DepTrans demonstrates robust code safety. The proportion of unsafe Rust lines stays below 3% across all testbeds, confirming the model's success in producing idiomatic and safe migrations.

On CRust-Bench (100 open-source C projects), DGIR+RAST-7B compiles 27 projects and passes all tests in 5, outperforming previous hybrid and LLM-only pipelines.
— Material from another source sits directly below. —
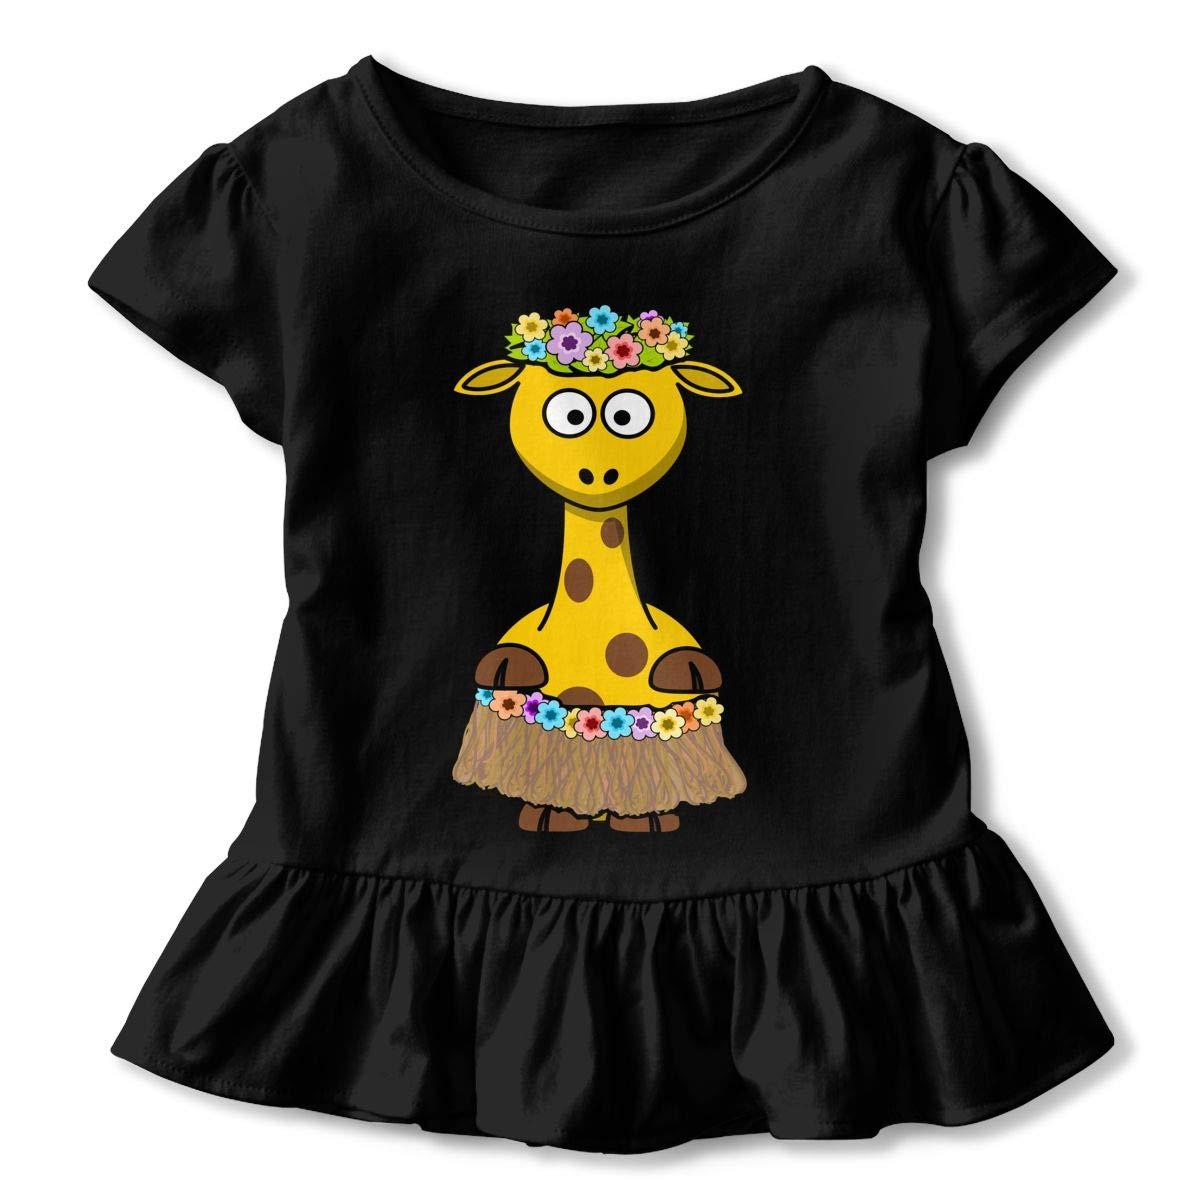 SHIRT1-KIDS Giraffe Hawaii T-Shirts Toddler//Infant Girls Short Sleeve Ruffles Shirt Tee for 2-6T

Practical and Theoretical Implications

This work establishes the necessity of explicit dependency modeling and RL-based compiler feedback in cross-language repository translation. It demonstrates that proper contextual alignment, semantic retrieval, and self-consistency repair considerably elevate model performance—far beyond brute model scaling or prompt engineering. The approach carries broad significance for automated software security hardening, reducing the human cost in large-scale migration, and sets a precedent for structured, compiler-in-the-loop RL for other code migration or repair tasks.

Future Prospects

Looking ahead, the dependency-guided iterative paradigm could expand to languages and systems featuring even more complex modularization or dynamic linking. Integration with formal verification or fuzzing feedback loops may further close the gap toward fully verified migration at scale. Dataset size, parallelism quality, and task diversity will continue to define achievable upper bounds for such LLM-based systems, motivating additional curation and community benchmarking efforts.

Conclusion

DepTrans represents a multifaceted advancement in repository-level code translation by unifying fine-grained dependency modeling, context-aware translation, RL-aligned syntax training, and iterative LLM self-repair. Its substantial empirical gains in both compilation and functional equivalence, combined with practical scalability to enterprise and open-source settings, position it as a reference architecture for future research in automated program migration, multi-language code intelligence, and compiler-in-the-loop AI training methodologies.